Page last updated at 22:19 GMT, Tuesday, 28 July 2009 23:19 UK

Sicilian hospital 'a quake risk'

By David Willey
BBC News, Rome

Map showing Sicily and Agrigento

Italian officials have ordered the evacuation of a newly built hospital on the island of Sicily after tests showed it risked collapse in an earthquake.

The 400-bed complex is in the town of Agrigento, in western Sicily.

More than 20 local officials and managers of the construction company are under investigation for fraud.

The justice authorities allege that they supplied sub-standard building materials - including concrete made with more sand than cement.

It is an emblematic story of Mafia crime - the endangering of the lives of hundreds of patients because the Sicilian hospital structure is unsafe in a known earthquake zone.


The public hospital in Agrigento took 20 years to build at a cost to the Italian taxpayer of more than $50m (35.3m euros).

When it finally opened, five years ago, rats had eaten through electric cables and there was a black-out including in operating theatres, involving costly repairs.

The stability of the structure is suspect because concrete supplied by local contractors was mixed with too much sand and not enough cement in order to increase builders' profits.

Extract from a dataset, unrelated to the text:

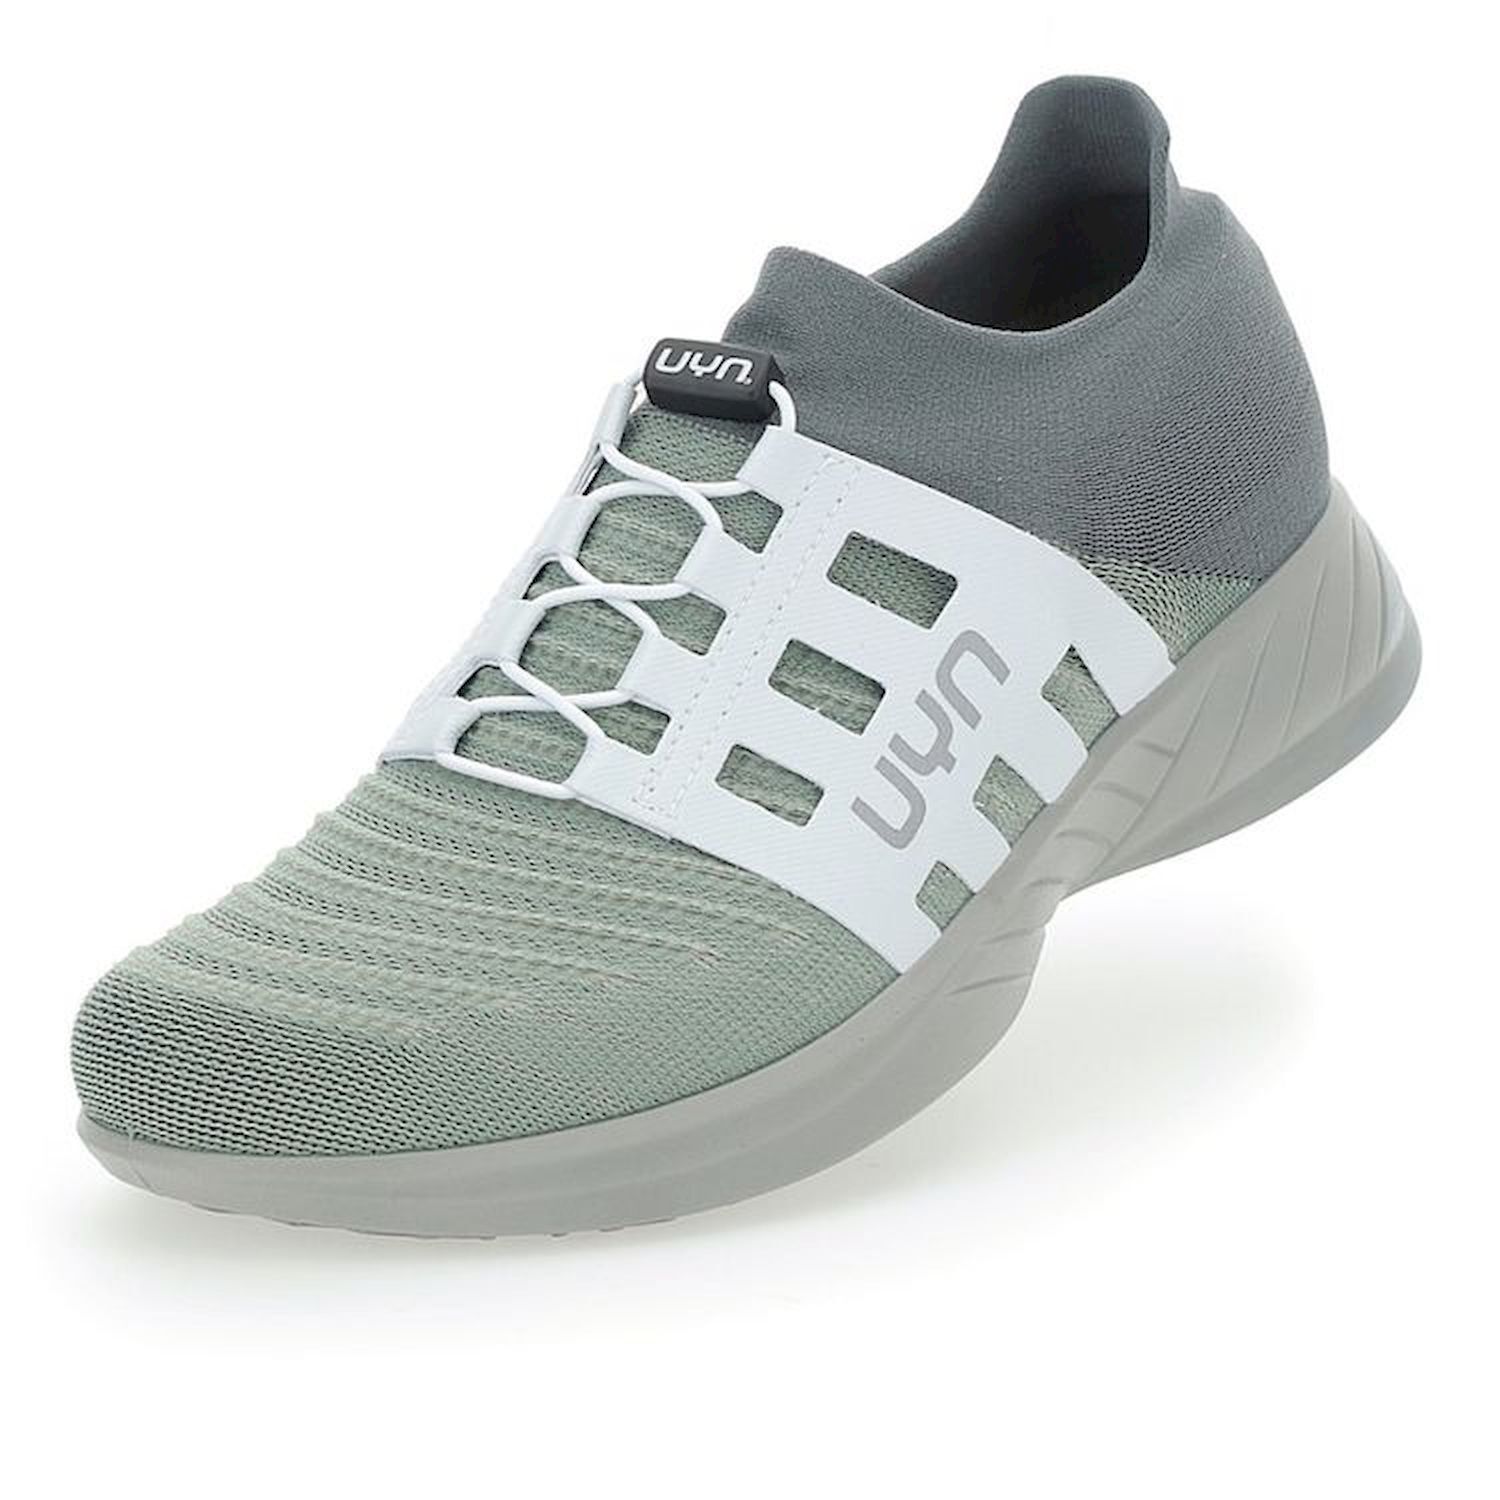 Uyn Ecolypt Tune Shoes Grey Sole - Chaussures running homme | Hardloop
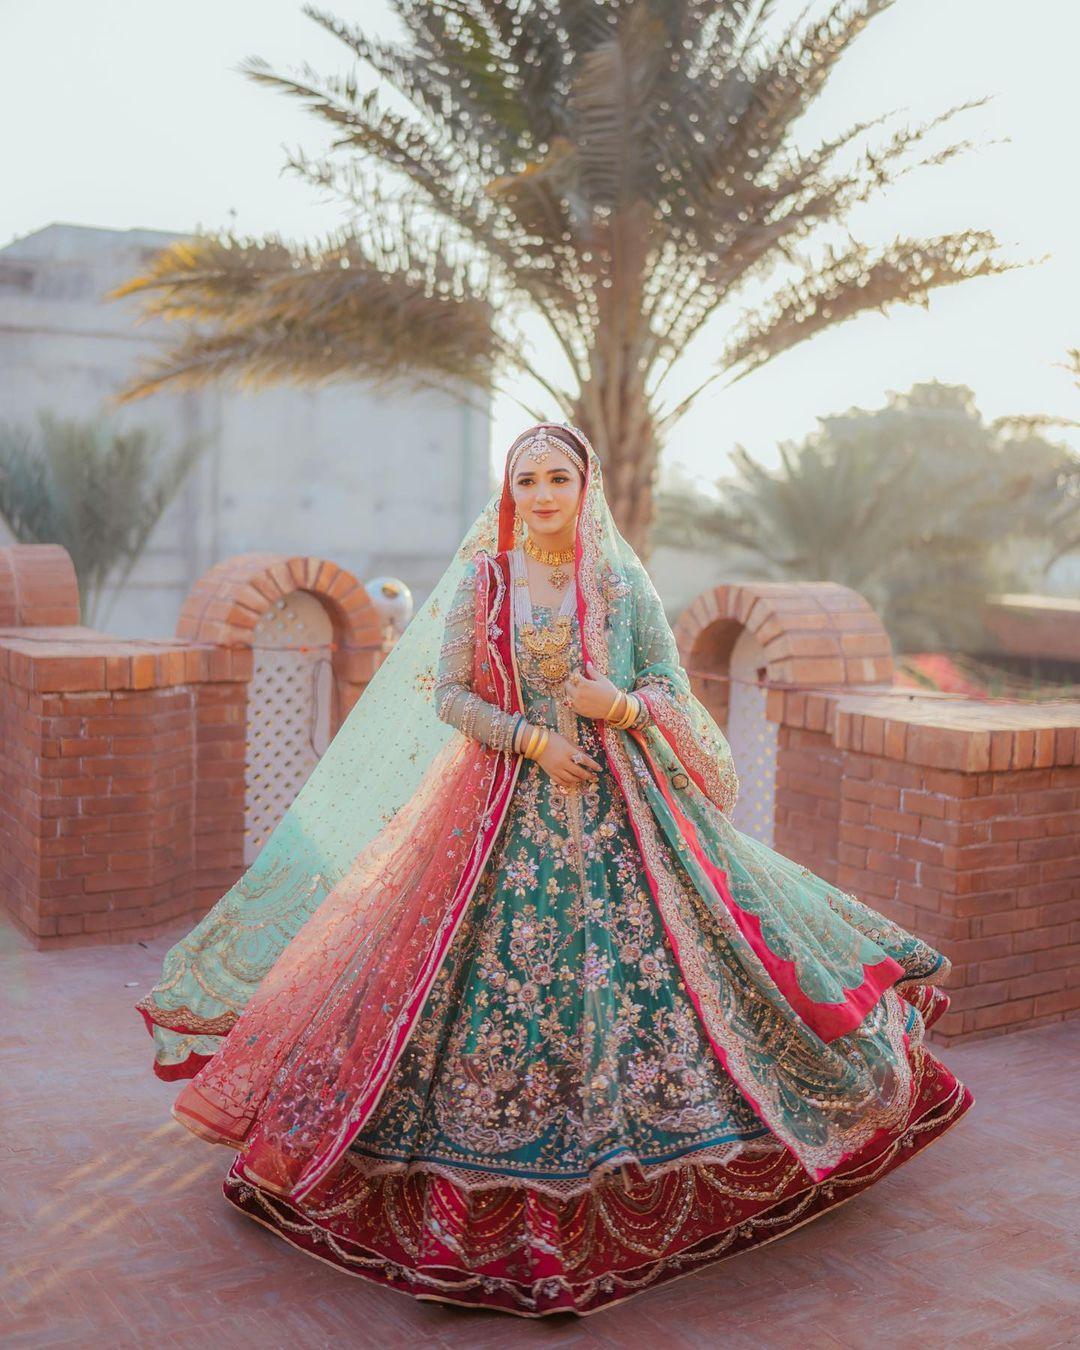 Indian Bridal Wear Shopping Guide: Best Fashion Designers, Jewellers and  More in Delhi | Vogue India

Italian state television showed pictures of core samples taken from the hospital's walls crumbling as soon as they were removed.

The hospital authorities have now been given a month to evacuate the 400-bed complex and remove beds and medical equipment.

Environmental protection agencies say there are five hundred more hospitals and hundreds more schools and public works projects in Italy which have been built without proper attention to seismic risk.

The walls of a newly built hospital in L'Aquila in central Italy - hit by a catastrophic earthquake earlier this year - cracked and the building had to be abandoned.

Earthquake proofing is patchy in one of Europe's most earthquake-prone countries.